L’accesso al beneficio fiscale in esame è precluso, inoltre, a coloro che, per l’anno d’imposta 2023, applicano il regime forfetario di cui alla legge n. 190 del 2014. Può, tuttavia, accedere al regime agevolativo (al ricorrere dei requisiti previsti dalla relativa norma introduttiva) il contribuente che decada dal regime forfetario in corso d’anno, laddove i ricavi o i compensi percepiti siano di ammontare superiore a 100.000 euro. In tale ipotesi, infatti, questi è tenuto a determinare il reddito con le modalità ordinarie per l’intero anno d’imposta 2023.

Tassazione energia fotovoltaica venduta

L’Agenzia delle Entrate, con circolari 46/2007 e 36E/2013, ha chiarito che anche per i soggetti che possiedono “privatamente” (al di fuori dell’esercizio dell’attività imprenditoriale) un impianto fotovoltaico vanno tassati ai fini IRPEF i proventi derivanti dall’energia prodotta in eccesso rispetto alle proprie esigenze e venduta alla rete.

Si riportano le istruzioni da seguire per tali soggetti, mentre devono seguire le regole per la determinazione del reddito d’impresa coloro ce hanno realizzato o acquistato l’impianto tramite la propria partita iva.

Come dichiarare correttamente

Tali proventi rientrano tra i redditi diversi, nello specifico come redditi da attività commerciale non esercitata abitualmente.
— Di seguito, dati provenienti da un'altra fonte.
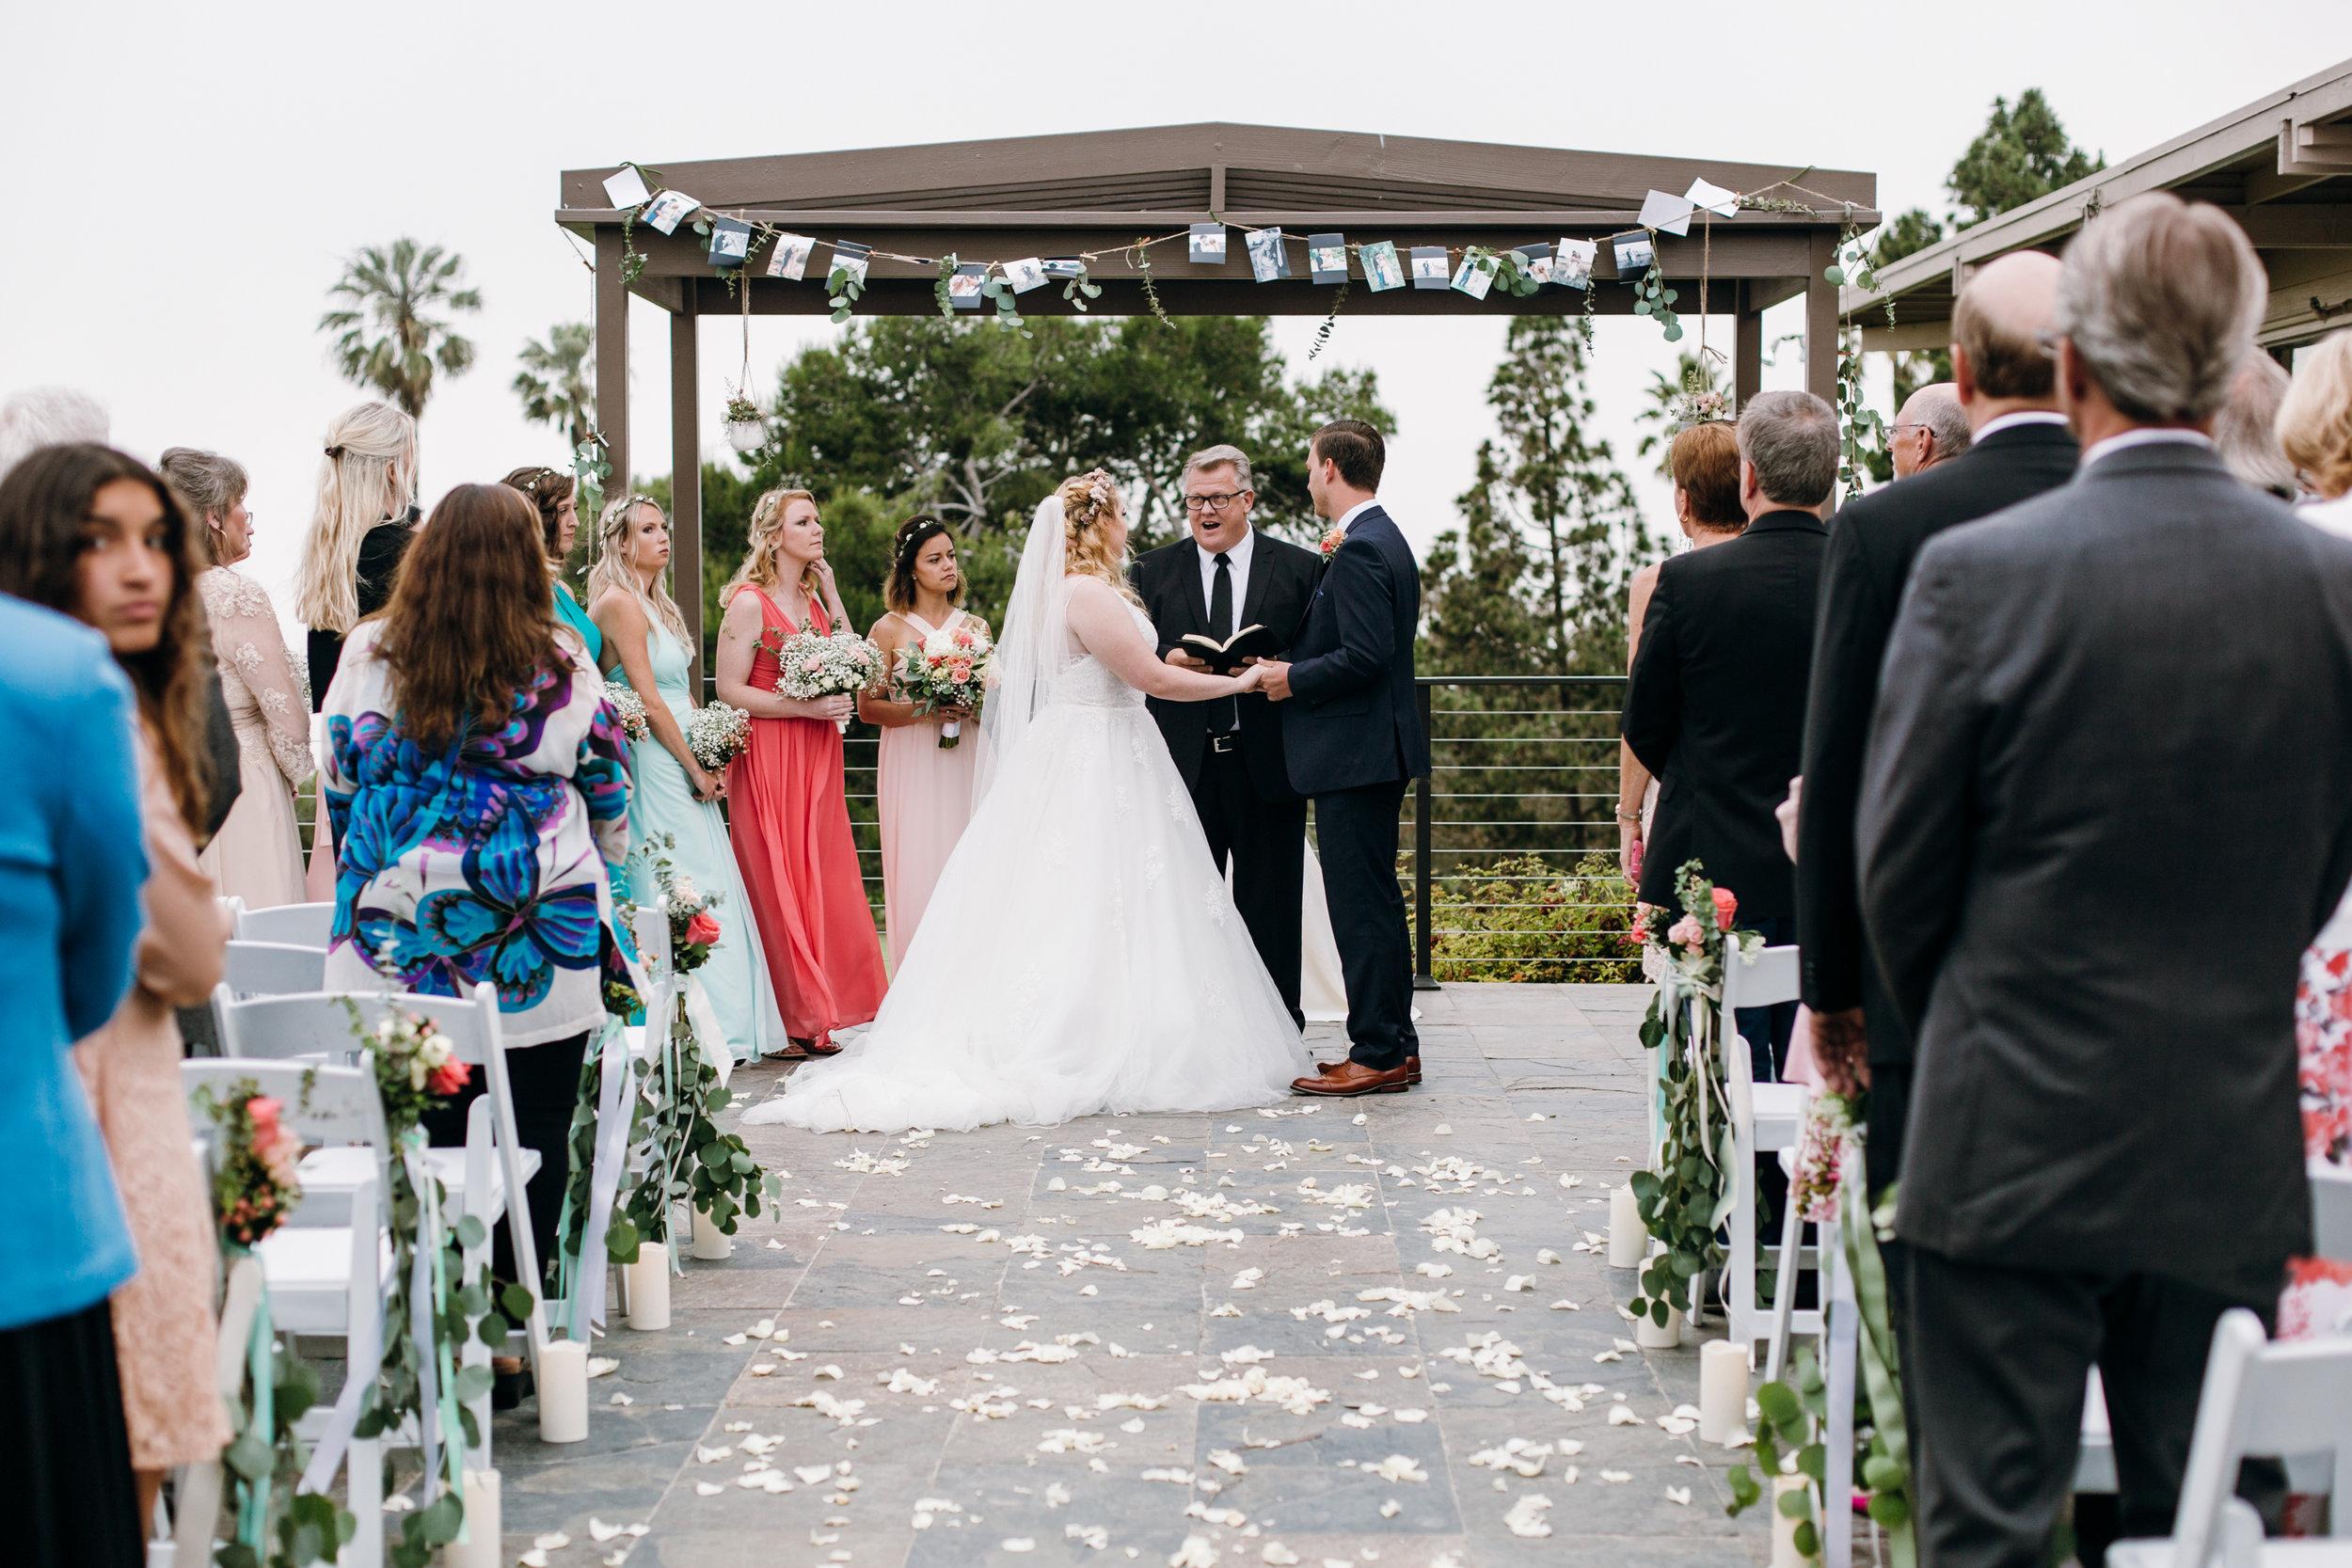 KaraNixonWeddings-PalosVerdes-Wedding-28.jpg

La loro liquidazione avviene indicando tali ricavi:
  • al rigo D5 codice 1 se si presenta il modello 730;
  • al rigo RL14 se si presenta il modello UNICO.

La Certificazione delle eccedenze vendute

Per dichiarare le vendite effettuate va consegnata allo Studio la relativa certificazione scaricabile dal portale del GSE seguendo l’apposita procedura.

I passaggi per scaricare dal sito GSE la certificazione delle eccedenze ricevute per l’anno di riferimento sono i seguenti:

  • accedere all’area riservata Clienti GSE
  • Servizi
  • servizio di Scambio sul posto e accedere al portale dedicato
  • Selezionare “Comunicazioni”/”Ricerca” ed effettuare il download

Costo impianto indeducibile

Come chiarito dalla circolare 46/2007, il costo relativo all’acquisto o realizzazione dell’impianto non può essere considerato come spesa specificamente inerente alla produzione del suddetto reddito, atteso che l’impianto è utilizzato prevalentemente per i bisogni energetici dell’utente e che solo marginalmente procede reddito imponibile attraverso la cessione dell’energia eventualmente prodotta in eccesso.